The main difference between the two is that in a license the person granting permission (Licensor) retains an interest in the property being licensed, whereas in an assignment the assignor transfers his rights in the property being assigned.
In intellectual property, a license may grant a licensee to use a patent, trademark, software, etc. without being sued. Licenses come in many different flavors and pretty much any type of provision can be worked into a license such as the length of the license, the territory where a license may apply, the nature of the license (exclusive vs. non-exclusive), etc. If an inventor/start-up company obtains a patent, they may license their patent to another person or company in exchange for royalties. As previously discussed, the rights given in different licensees may vary and overlap. For example, if company A obtained a patent, they can have a non-exclusive license to company B for 10 years in North America, and have a non-exclusive license to company C for 5 years without territorial exclusions. As such, different terms for licensees may be contracted with different companies. If company A granted an exclusive license to company B for the full length of the patent along with derivative works, then the license will essentially work as an assignment.

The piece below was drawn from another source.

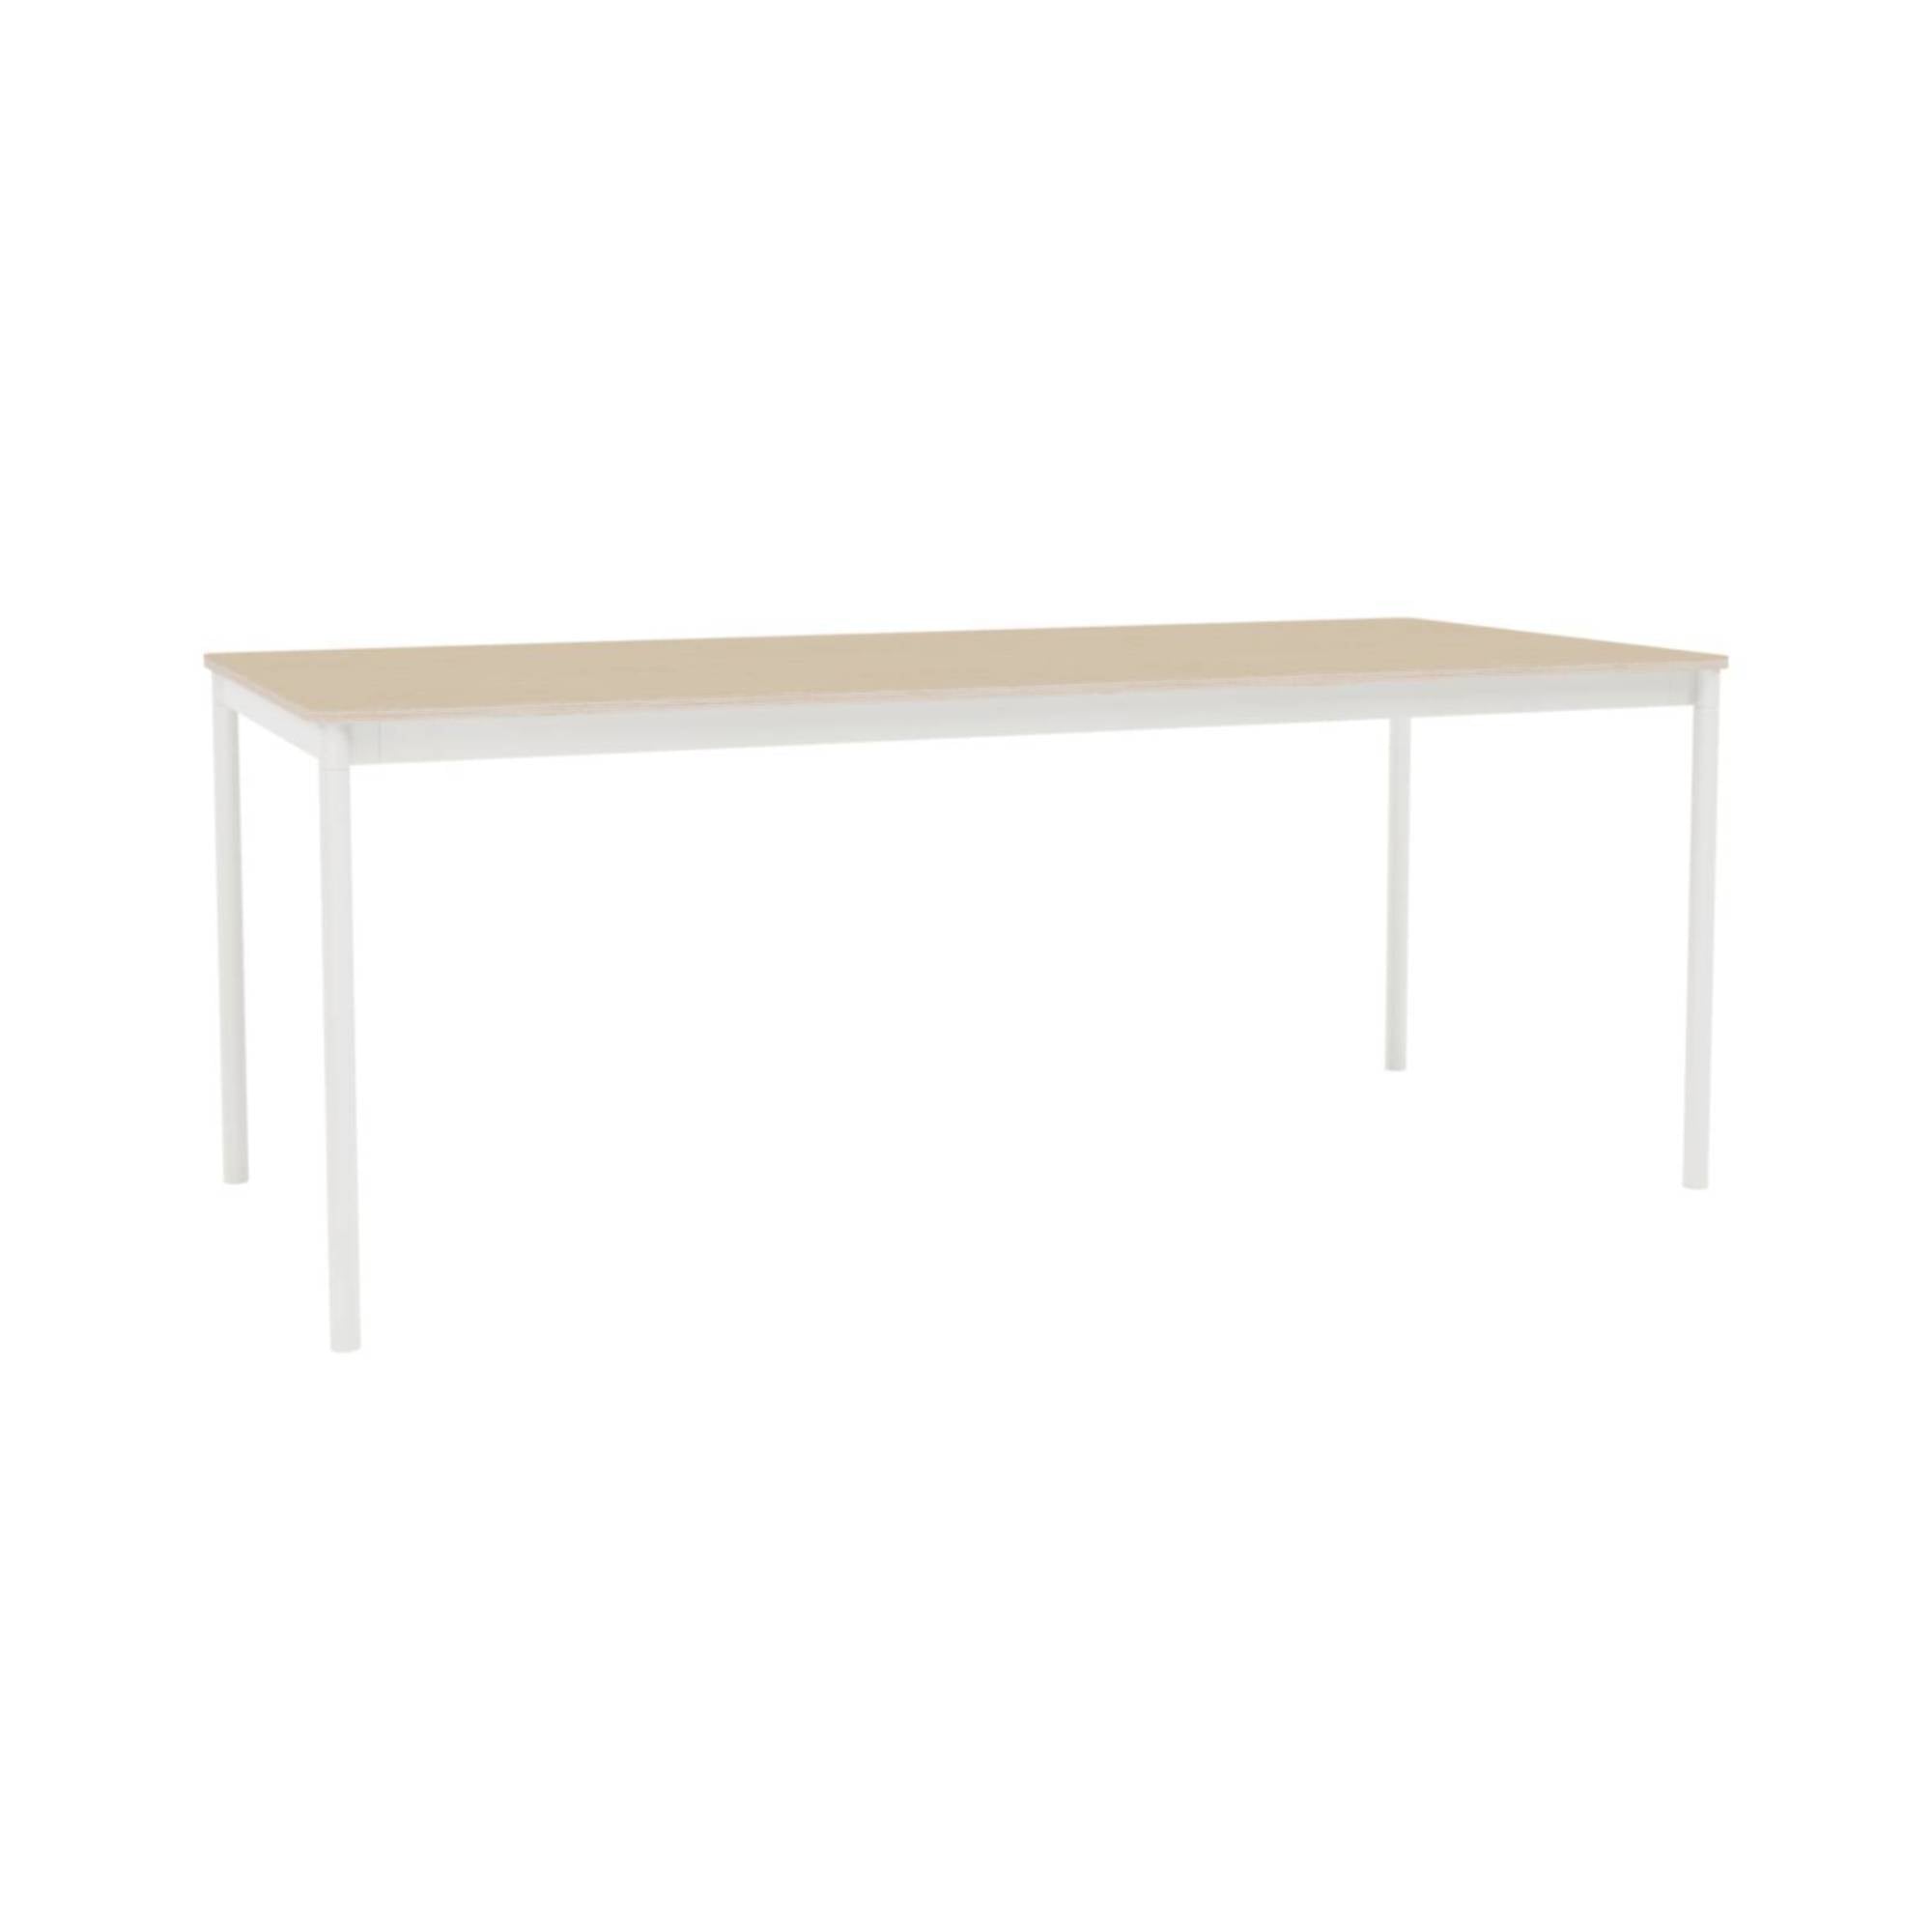 Base Table: Medium + Oak Veneer + Plywood Edge + White

A major difference between licenses and assignments is that assignments are required to be in writing whereas licenses may be applied without writing. Specifically, patents may be licenses orally (in some circumstances) whereas assignments for patents must be in writing and filed with the USPTO. One such example of an implied license is if a user purchases a product at a retail store. It is implied that they are able to use the product or display it in pictures, etc. As such there is an implied license that grants the user limited rights without any writing.
Because assignments grant an assignee full ownership of a piece of property, typically to acquire an assignment will cost more than to acquire a license.